Accused did not abandon Canada and circumstances had changed

Federal court | Administrative Law

JUDICIAL REVIEW

Accused did not abandon Canada and circumstances had changed

Application by accused for judicial review of decision of Minister of Public Safety made under International Transfer of Offenders Act (Can.). Minister did not consent to accused’s request to be transferred from American prison to Canada. Minister concluded that accused abandoned Canada and he was involved in serious criminality and in organized crime. Accused had criminal record in Canada that dated back to 1971. In 1985 he was sentenced in Canada to over four years’ imprisonment for possession of narcotics for purpose of trafficking. While on day parole accused absconded to United States where he assumed false name and identity. While in United States accused worked and he established common law relationship with woman in Nevada which ended after several years. He was apprehended in United States in sting operation that involved substantial amount of cocaine. Accused was sentenced by American court to 30 years’ imprisonment, to be followed by five-year period of supervised release. He served 15 years of this term in American penitentiary. This case dealt with his sixth request for transfer to Canada to serve remainder of his term here. If he was returned to Canada he would be eligible to apply for parole. Application allowed. Standard of review was reasonableness. Minister held opinion that once party abandoned Canada they could not change their mind. He ignored evidence that showed that accused did not abandon Canada and that his circumstances changed. Decision in respect of abandonment was not reasonable. Minister’s decision regarding serious crime was unreasonable. Accused quit his past behaviour, he was remorseful and he wanted to pursue positive lifestyle.

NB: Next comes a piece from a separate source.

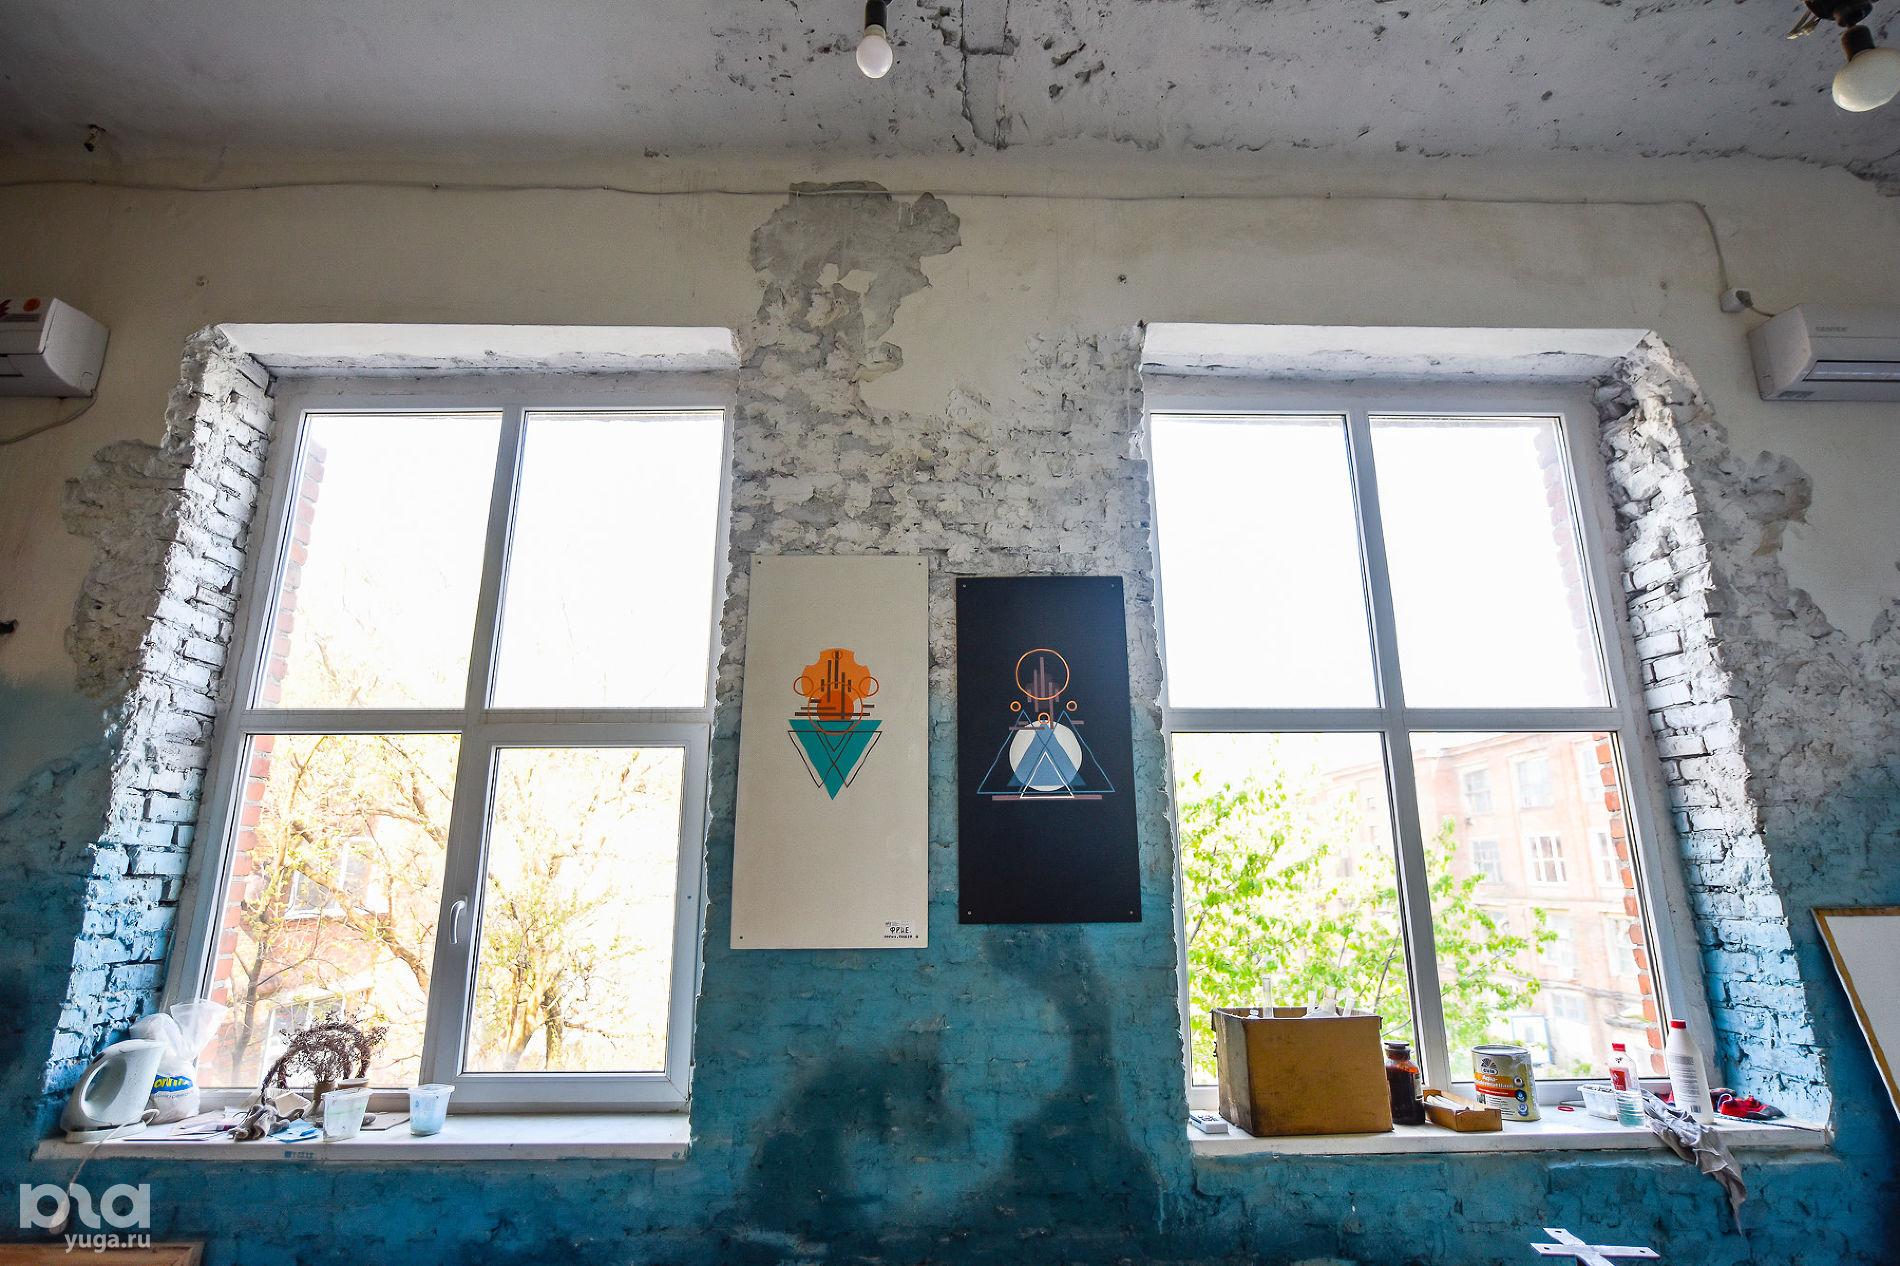 Выставка современного искусства и творчества  Art South ©Фото Елены Синеок, Юга.ру
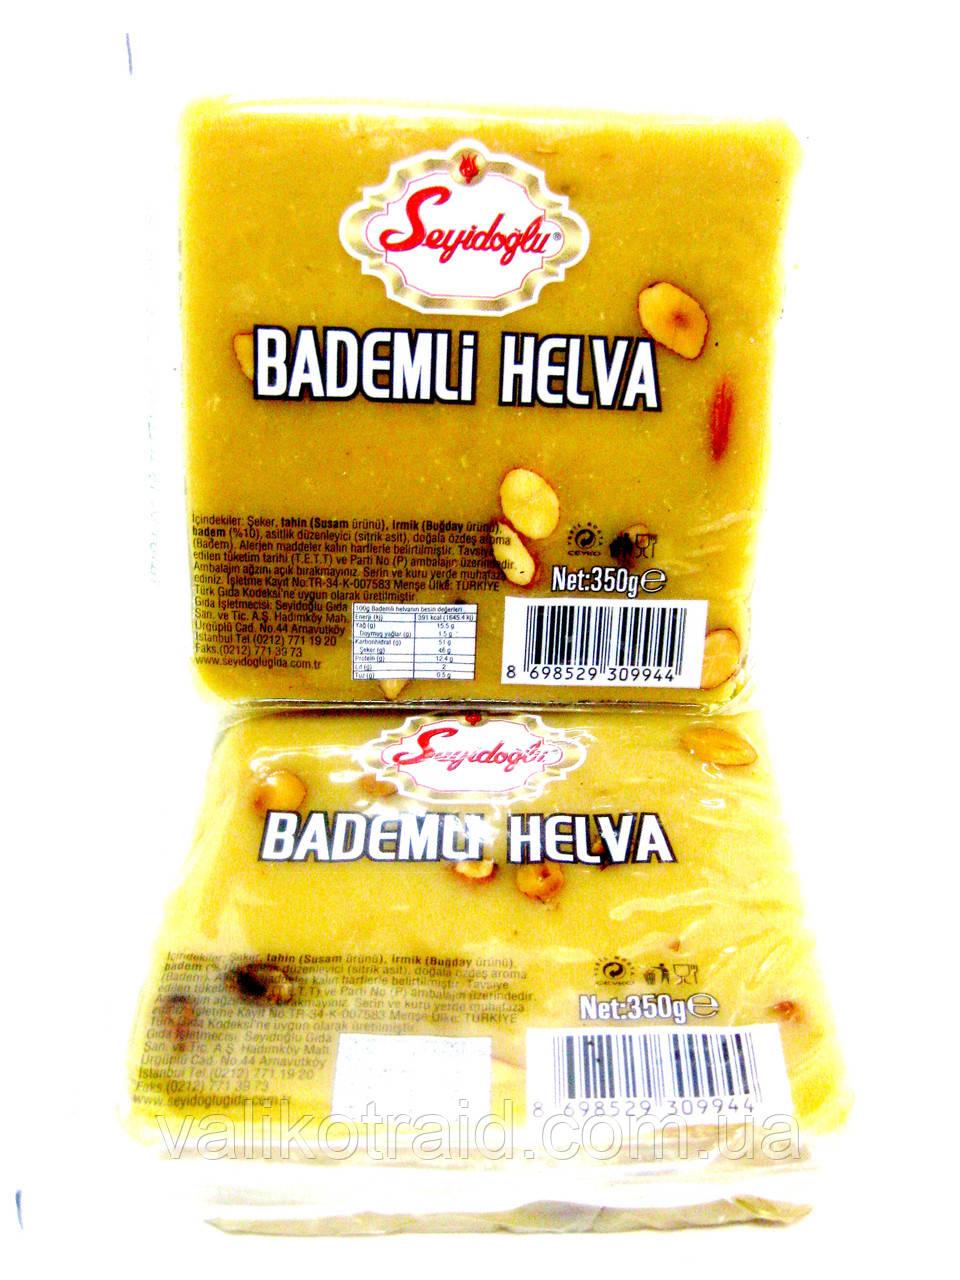 МИНДАЛЬНЫЙ МАРЦИПАН с орехом миндаля, кунжутная  Бадемли -Халва, 350г, турецкие сладости

Minister failed to consider these changes and he also ignored the report of Director of International Transfer Unit of Corrections Canada. That report concluded that accused did not pose threat to Canadian security; he lived in Canada for certain periods of time to maintain contact with his children; he had social and familial ties in Canada; and he did not have ties to terrorism or to criminal organization. Minister’s entire decision was unreasonable and it had to be returned for full and proper assessment of all relevant factors and for decision that was clear, transparent and intelligible. This was to be done forthwith.
Carrera v. Canada (Minister of Public Safety) (Jul. 18, 2013, F.C., Roger T. Hughes J., File No. T-2198-12) 108 W.C.B. (2d) 406.